Taylor loved the compound so much that she kept going back there even after she and Burton divorced (and re-married, and split again). It was only after Burton died, at only fifty-eight years old of a cerebral hemorrhage, that Taylor stopped going back to Casa Kimberly. She tried to sell it in the 1980s – with all of her belongings still in it – for $1 million, but nobody bid on it.
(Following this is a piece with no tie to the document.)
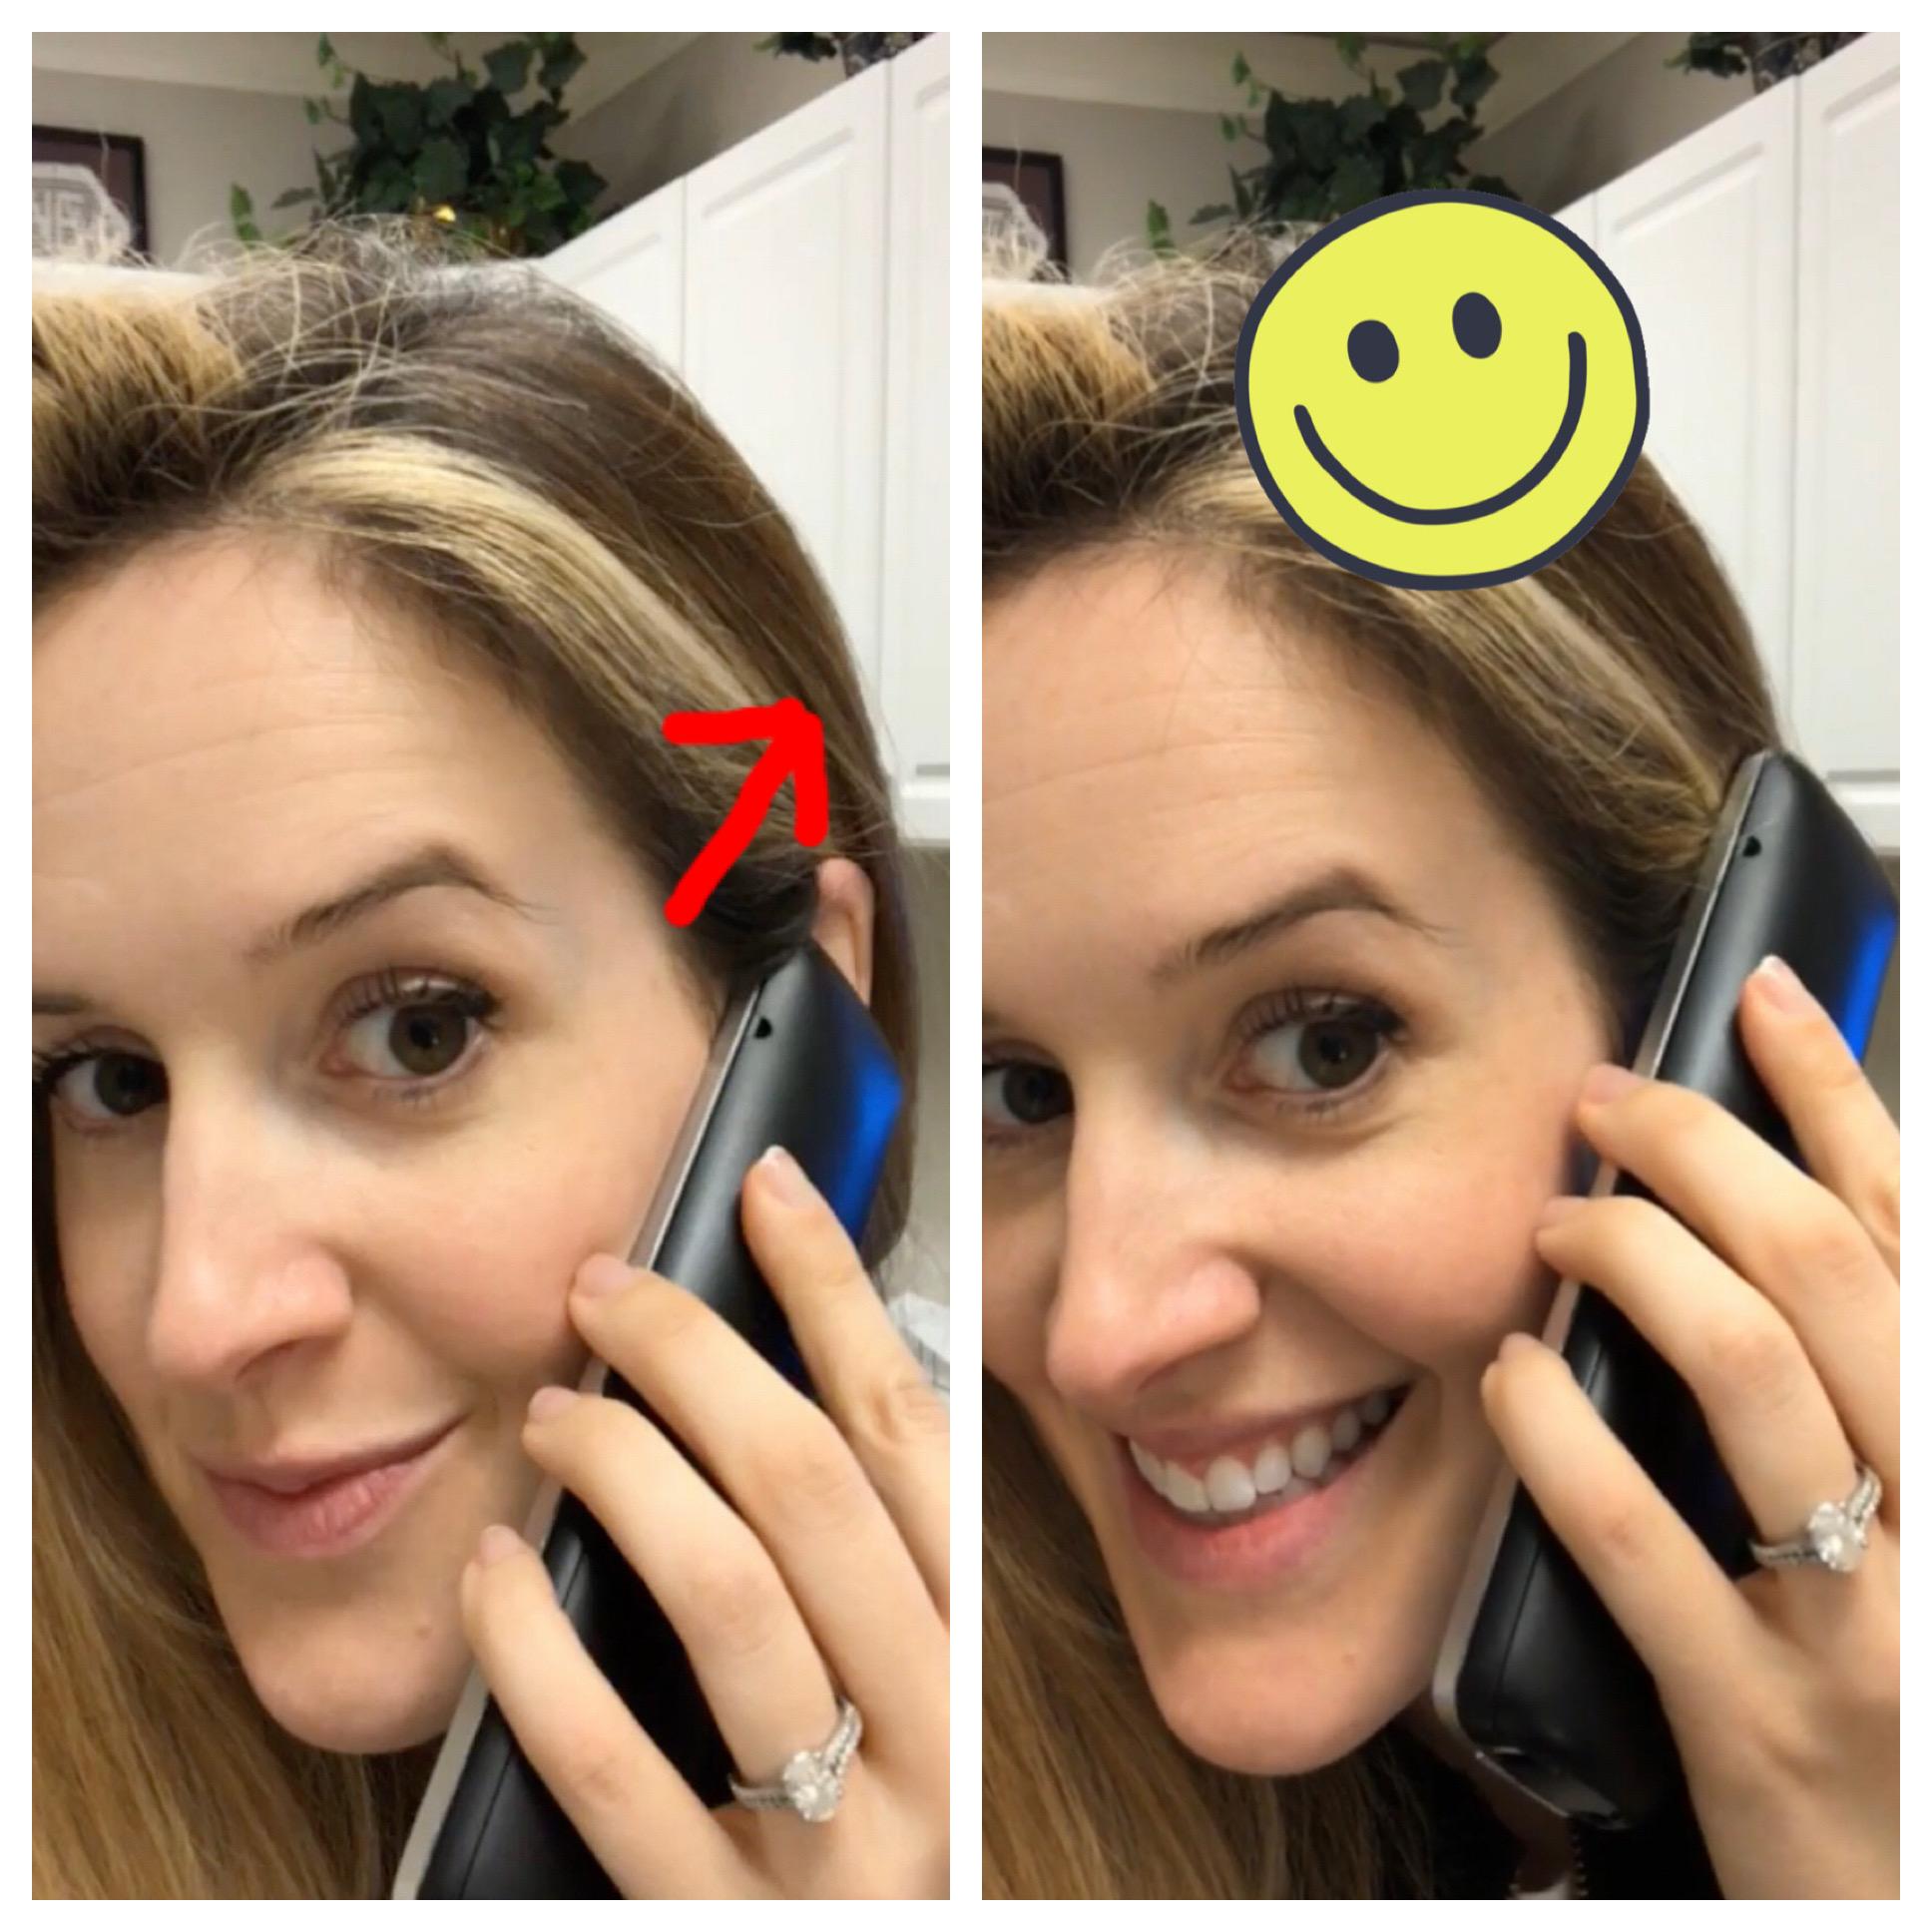 Madison Levine hearing aids

She ended up selling it a decade later for $475,000 in cash, to a real estate developer from California named Carolyn Holstein who promptly converted the place into a lavish B&B. In an interview with Holstein and her boyfriend in 1991, the boyfriend, a retired junior high teacher named Maurice “Maury” Mintzner, told the South Florida Sun-Sentinel that he and Holstein were “doing the Liz n’ Dick thing.” So, from the most epic Hollywood romance of the twentieth century to a guy named Maury cosplaying in a villa his girlfriend bought at half price. There is a metaphor somewhere in there. We are all iguanas at the end of our goddamn rope.
See you tonight. 6:30PST/9:30 EST.
Yours truly,
The Management
This brought me so much happiness this morning. WHAT A STORY! I read/ watched Night of the Iguana for a lit and film class freshman year of college and haven’t stopped thinking about it since.